Daniel 2:44, “The God of heaven will set up a kingdom that shall never be destroyed, nor shall the kingdom be left to another people. It shall break in pieces all these kingdoms and bring them to an end, and it shall stand forever…”

I hadn’t considered before the implications for temporal perspective found in this dream. The different portions of the statue are temporally subsequent kingdoms, and yet they are all viewed in one glance by the dreamer. They are a single statue, taken in at a single moment by a single act of sight, and yet they represent hundreds of years of history. This is likely something like God’s own perspective on time, able to take in all places and times at a single glance, and here this trans-temporal sight is granted to the dreamer.

Also, notice that the sequential happenings of history are presented as a coherent whole. The fact that the kingdoms are presented as a statue could point to many things, but at least one is the fact that history is designed, is ordered, is structured. Each kingdom and individual playing their part in the overall pattern. Now, there is—of course—an intended contrast between the statue and the mountain, one is not made by human hands (the mountain), the other—by implication—is (the statue). However, I think the concept of an ordered and designed historical unfolding still stands and is almost a prerequisite for any vision of this kind.

Also, consider how the mountain is said to break in pieces “all these kingdoms.” Again, there is a sort of trans-temporal quality here. The mountain does not only destroy the feet, it does not only destroy the final kingdom, it breaks in pieces “all these kingdoms.” Just as destroying a real statue would shatter equally the feet and legs and head etc., so too the divine stone’s destruction of the statue is complete, reaching back—as it were—through time to destroy all the kingdoms of human pride. The victory of the Christ is total, it is transcendent, it is omni-temporal, it reaches across all ages and exposes all godless kingdoms as false, as shadows, as vain graspings at power by thieves and imposters.
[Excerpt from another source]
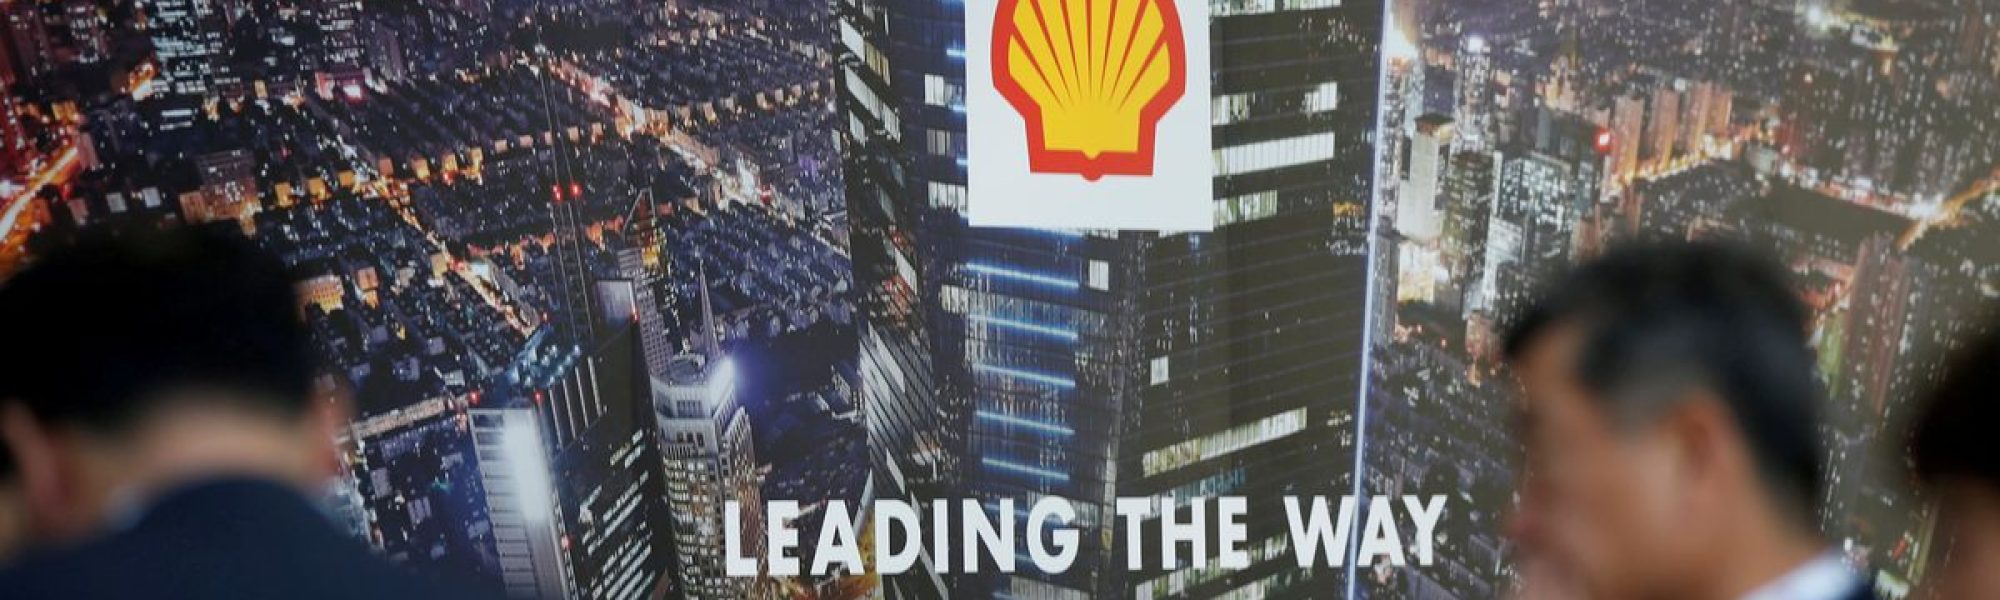 Weakening refining, gas trading to hit Shell's Q3 results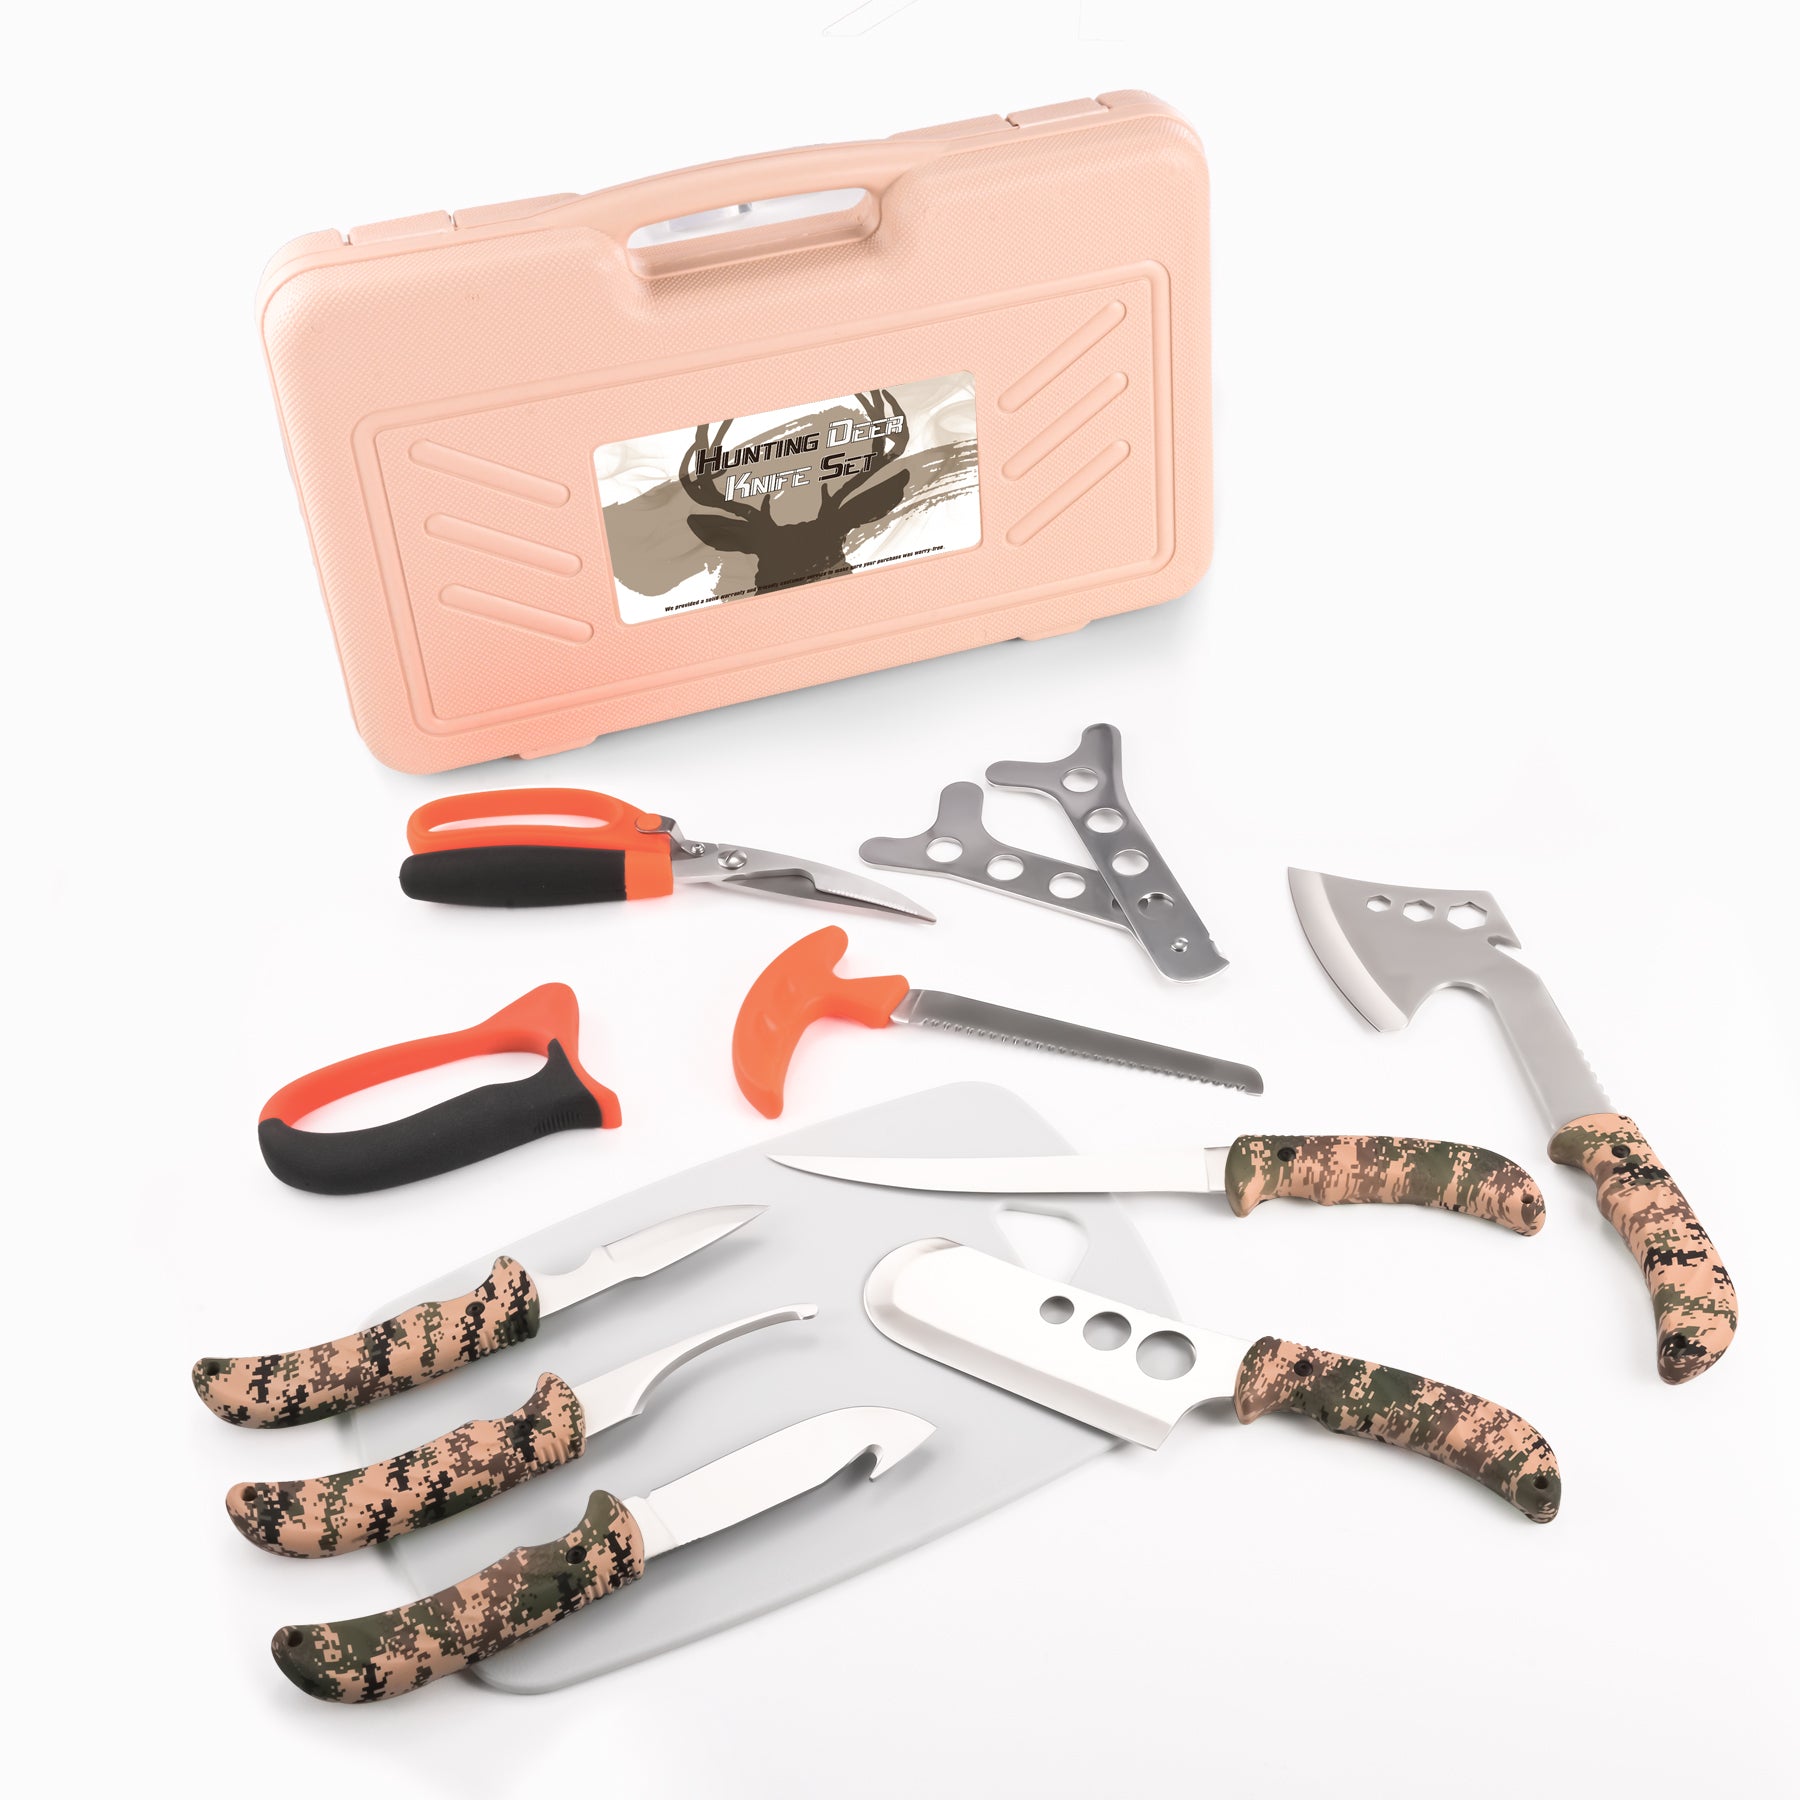 GVDV Hunting Knife Set - 14 Pieces, Portable Butcher Game Processing Kit  for Men, Field Dressing Kit with Gut Hook Skinner Knife, Caping Knife, Axe,  Wood/Bone Saw, Spreader, Gloves and More 14

Lastly, note that in the pattern of the vision, the final kingdom—the kingdom of God and of His Christ—is the “lowliest.” It comes even after the feet of iron and clay and it is, in fact, a stone, as low as the earth itself. And yet this most lowly of materials shatters even the head of gold and is established as a world-spanning mountain….a mountain upon which the gods were seated in Ancient Near Eastern thought and within whose veins of ore reside all the other precious metals in their purest forms. What a fitting image for the Christ, who would be the lowly stone rejected by the builders (Psalm 118:22), crucified as a convicted criminal, hung up in shame on the cross…..and who—in this lowliest of stations—would shatter the lofty pride and reason and transient glory of humanity. God on the cross, the Lord as the stone rejected, this is the one who demolishes the kingdoms of rebellious humanity, and who—in His resurrection—establishes the Kingdom of God and of His Christ in which the saints rule as sons and shine as stars.